What the exercise asks:
Word for word, copy the data that follows and skip its pictures.

Input data:

______

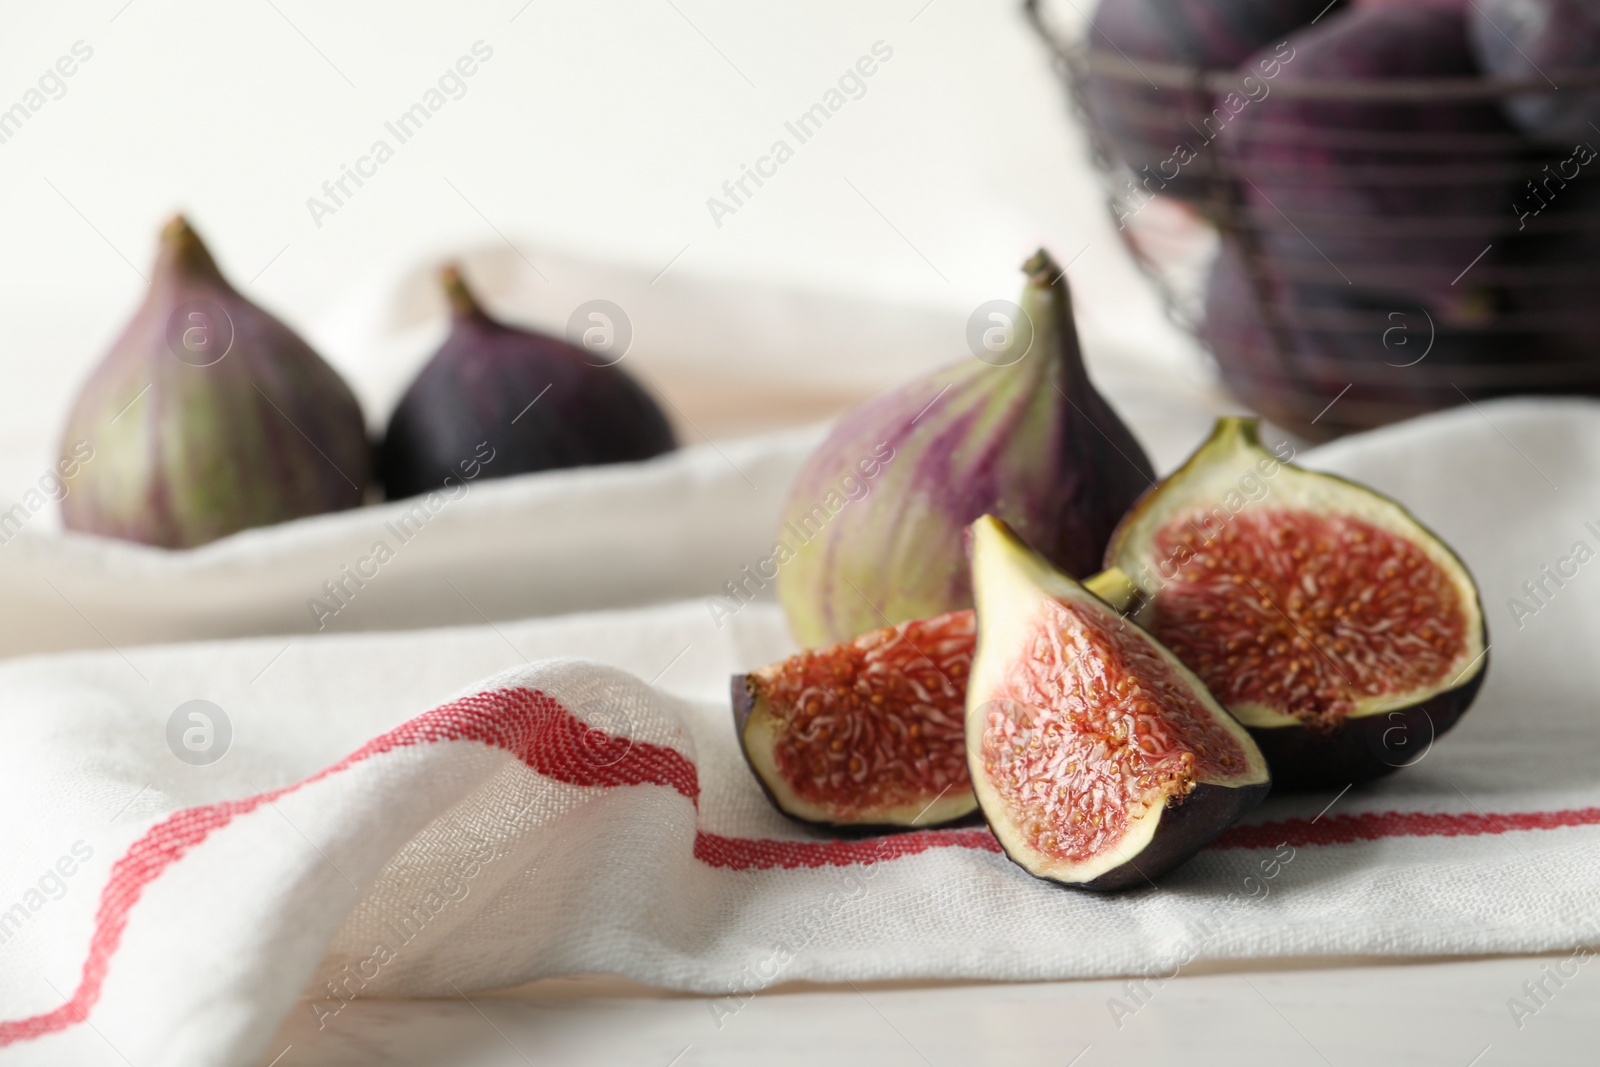 Photo of Tasty cut and whole figs on table with napkin
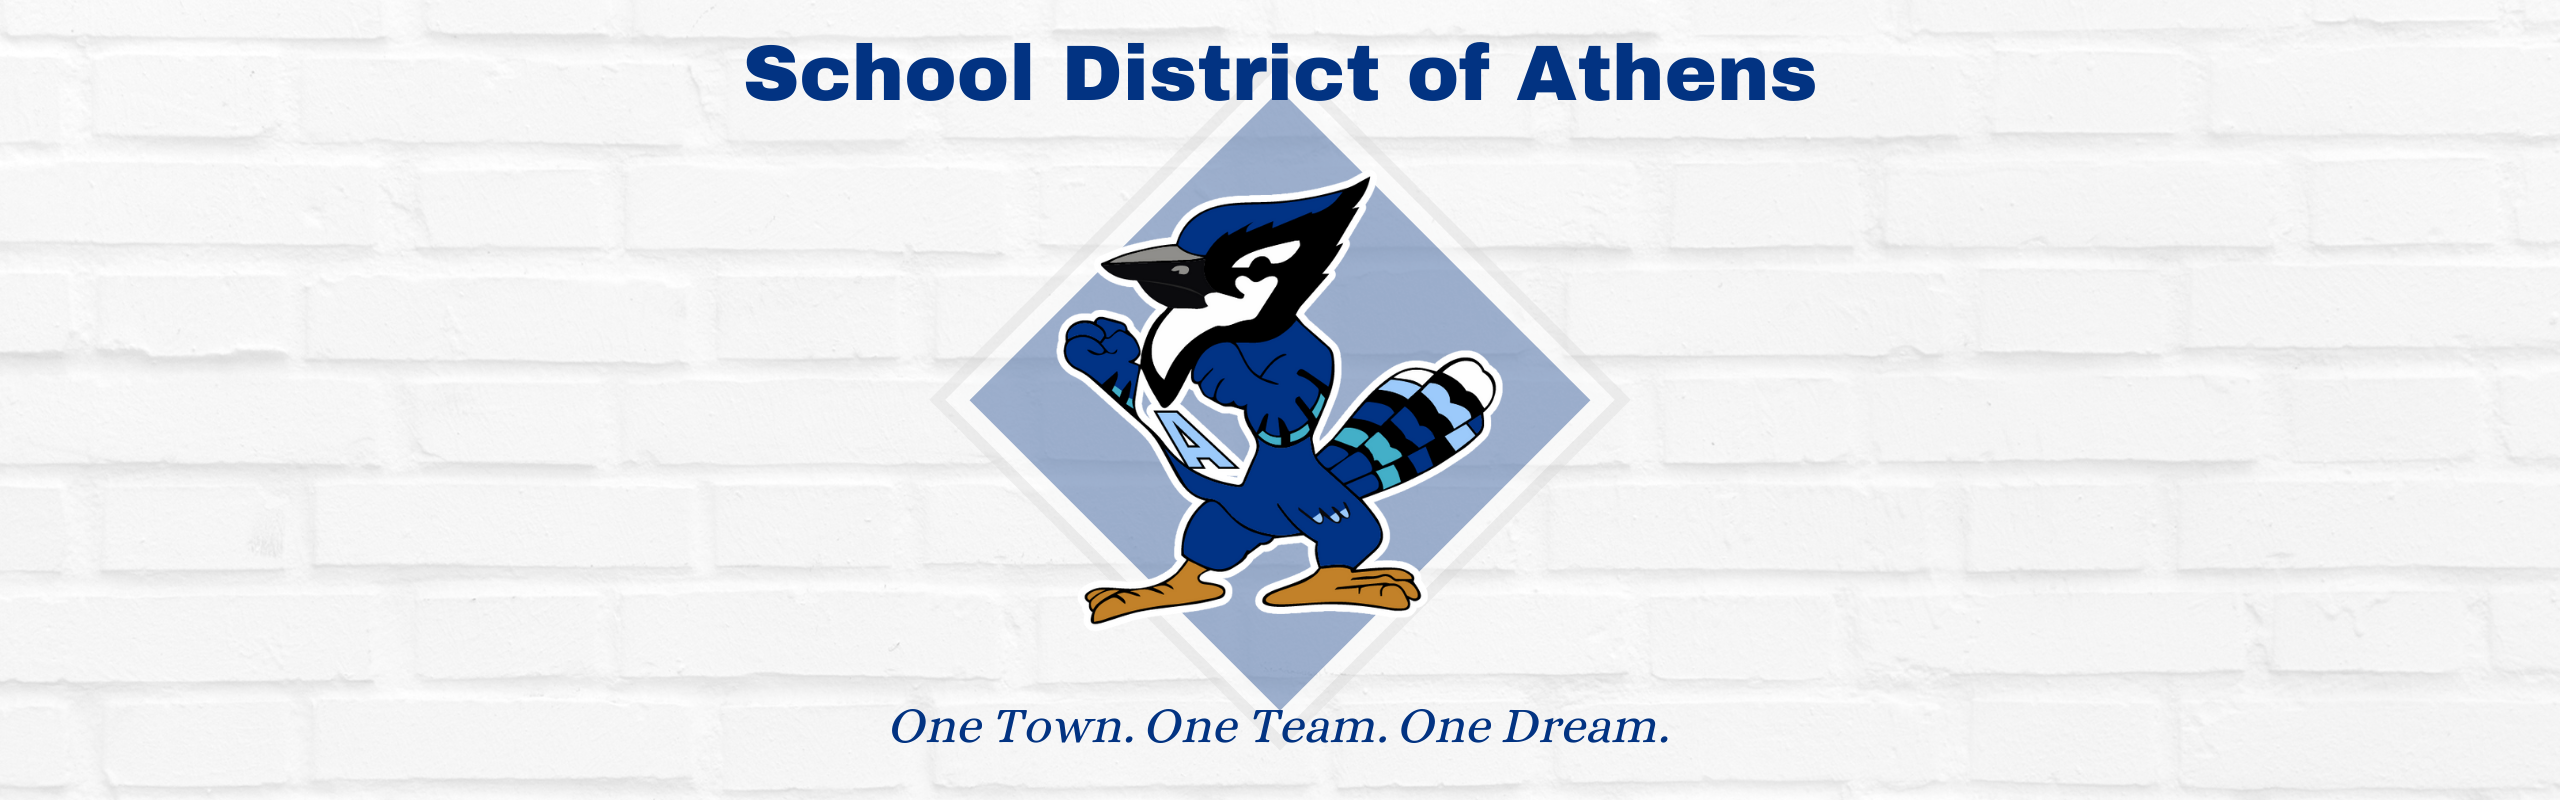 Athens School District - Better Together
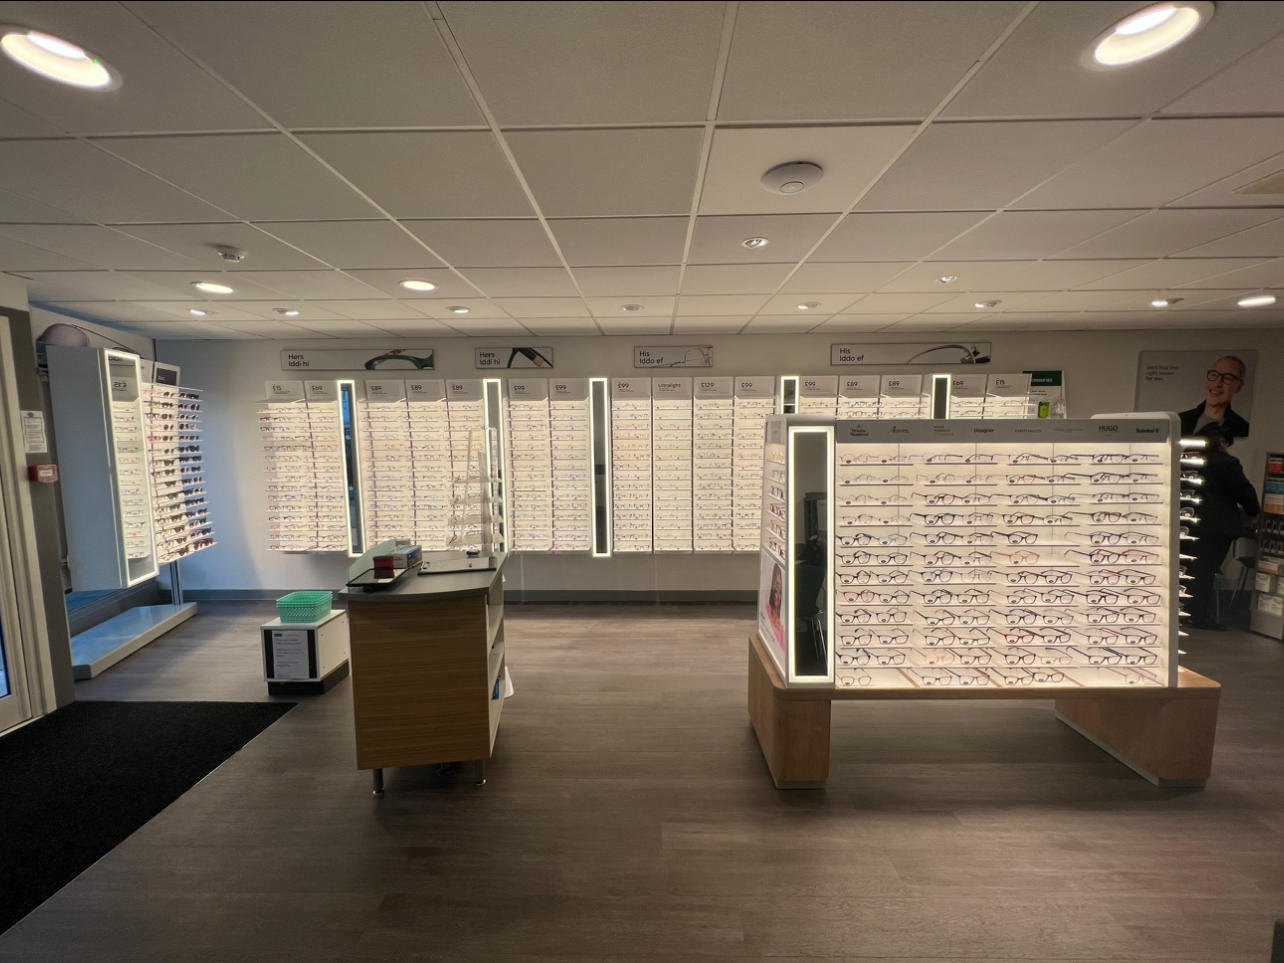 Specsavers Mold Specsavers Opticians and Audiologists - Mold Mold 01352 705090

______

Written response:
 Photo of Tasty cut and whole figs on table with napkin
 Athens School District - Better Together
 Specsavers Mold Specsavers Opticians and Audiologists - Mold Mold 01352 705090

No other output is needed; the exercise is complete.